Prime Minister Benjamin Netanyahu on Wednesday reacted to critical statements attributed to US President Barack Obama, saying that only the Israeli people will determine who best represent their interests.

Touting his diplomatic credentials less than a week before national elections, Netanyahu said he would continue to uphold the vital interests of the state of Israel, even when facing rebuke by the international community, as he has done for the past four years in office.

“In the past four years we have contended with tremendous pressures” from the international community, he said. “They demanded we curb our pressure against Iran, that we withdraw to the ’67 lines, that we divide Jerusalem, that we refrain from building in Jerusalem. We rebuffed the pressure,” said Netanyahu during a visit to a military base in the south.

According to a report by Bloomberg columnist Jeffrey Goldberg published Tuesday morning, Obama last month began repeating the mantra that “Israel doesn’t know what its own best interests are” and called Netanyahu “a political coward.”

The White House has neither confirmed nor denied the statements published by Bloomberg.

“Even close allies disagree from time to time,” Deputy Prime Minister Moshe Ya’alon said in an interview to Israel Radio in Wednesday. Ya’alon, who is slated to serve as defense minister should Likud-Beytenu form the next government, said Netanyahu led a responsible and reasonable foreign policy during his four years in office, adding that not every difference of opinion need be reported in terms of “diplomatic isolation” or “political boycotting.”

Other senior Likud officials were quoted in the Israeli press saying the statements attributed to Obama constituted “callous intervention in the [Israeli] elections” by the US government. Likud members also charged that “fingerprints of the Israeli left wing were all over the story.”

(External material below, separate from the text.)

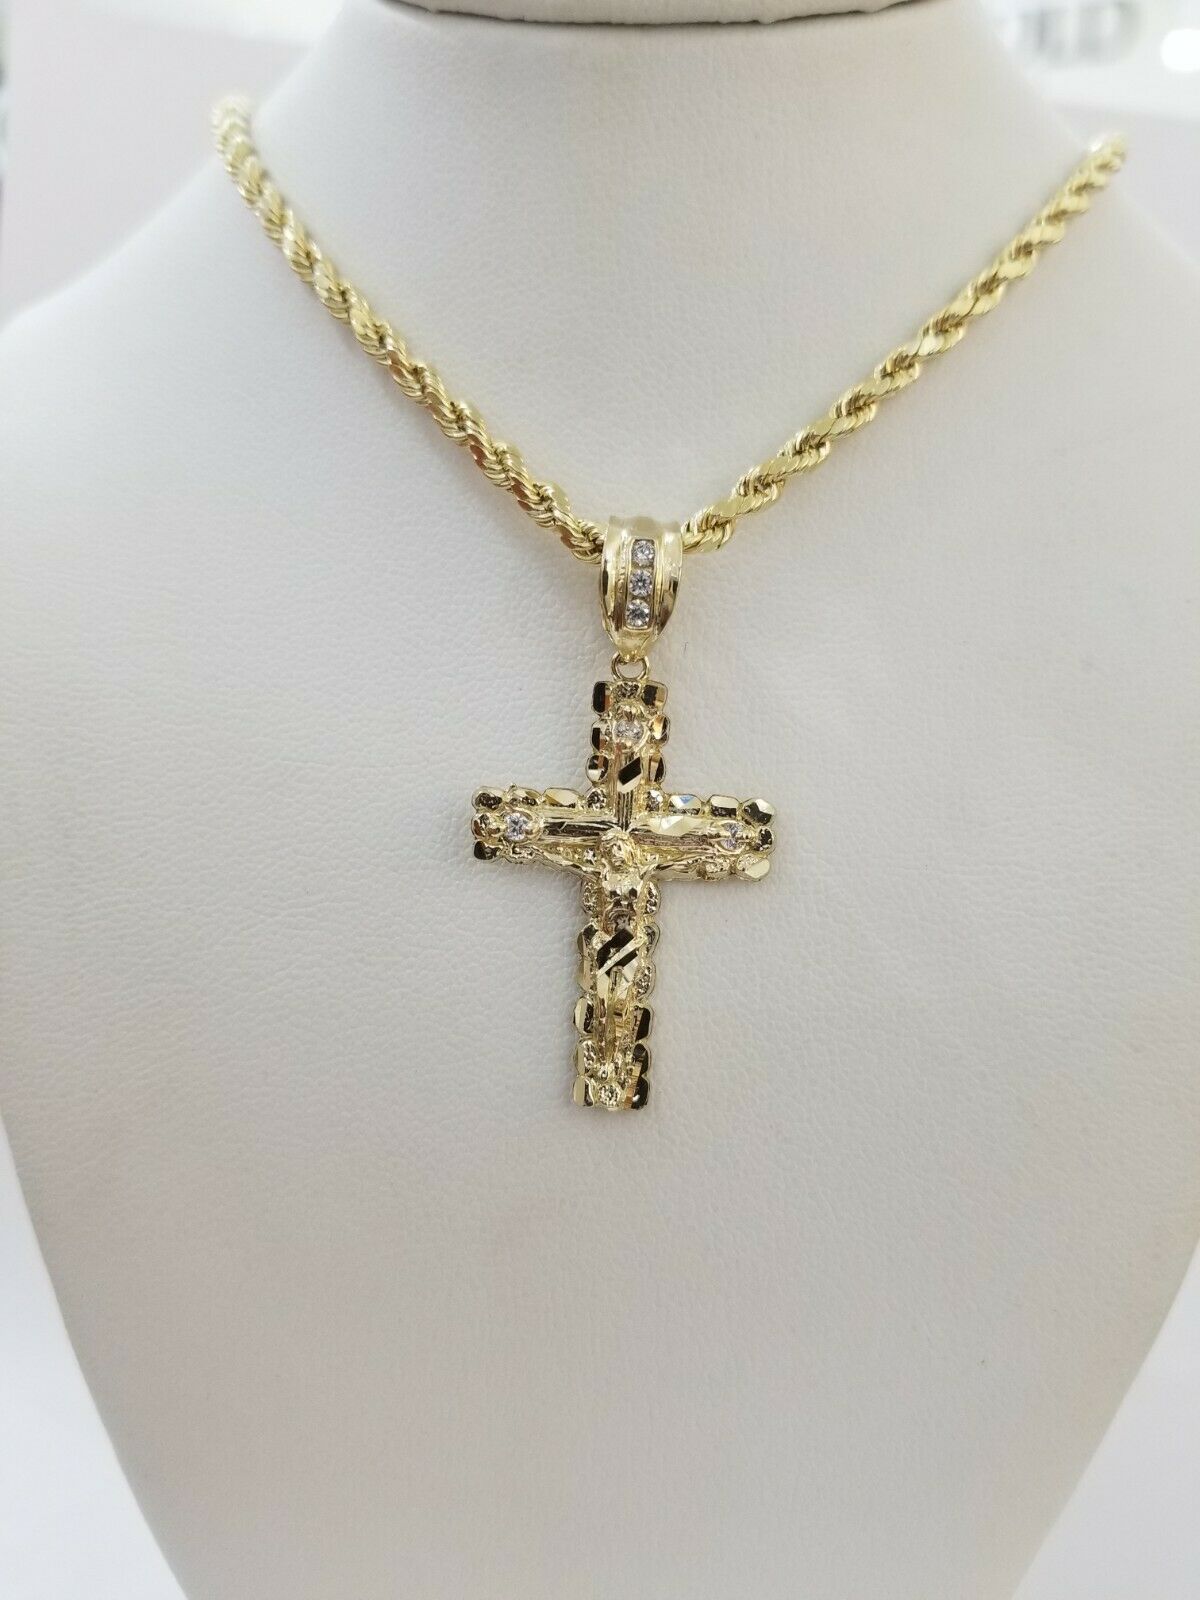 REAL 10k Rope Chain And Cross Charm Pendant 3mm Necklace Jesus Cross Set 16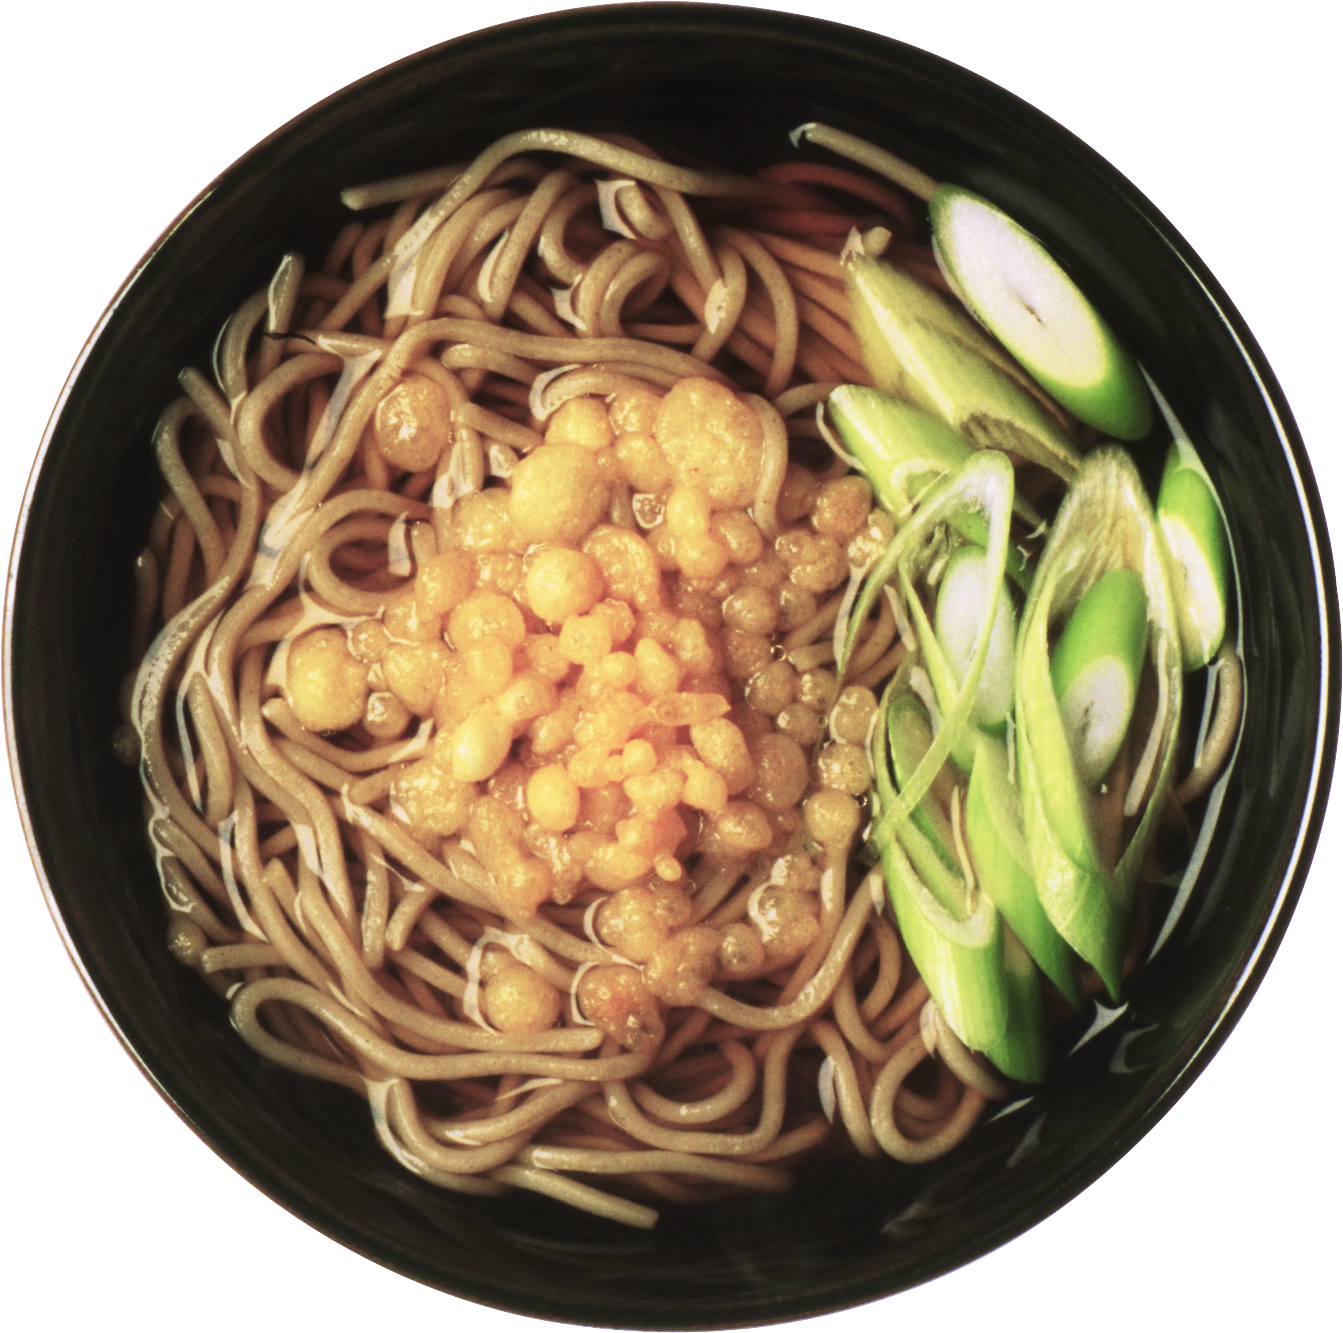 A Bowl Of Noodles And Vegetables

Israel considers the US its closest ally, relying on Washington for defense aid, help in thwarting Iran’s nuclear ambitions and political shelter on the world stage.

The two countries briefly tussled during the summer over the timetable for using military action against Iran’s nuclear program. That public fight, coupled with differences over settlement building, exposed fraying ties between the two capitals, and especially between Netanyahu and Obama.

The two leaders will have to deal with each other for several more years, should Netanyahu cruise to an election victory on January 22 as expected.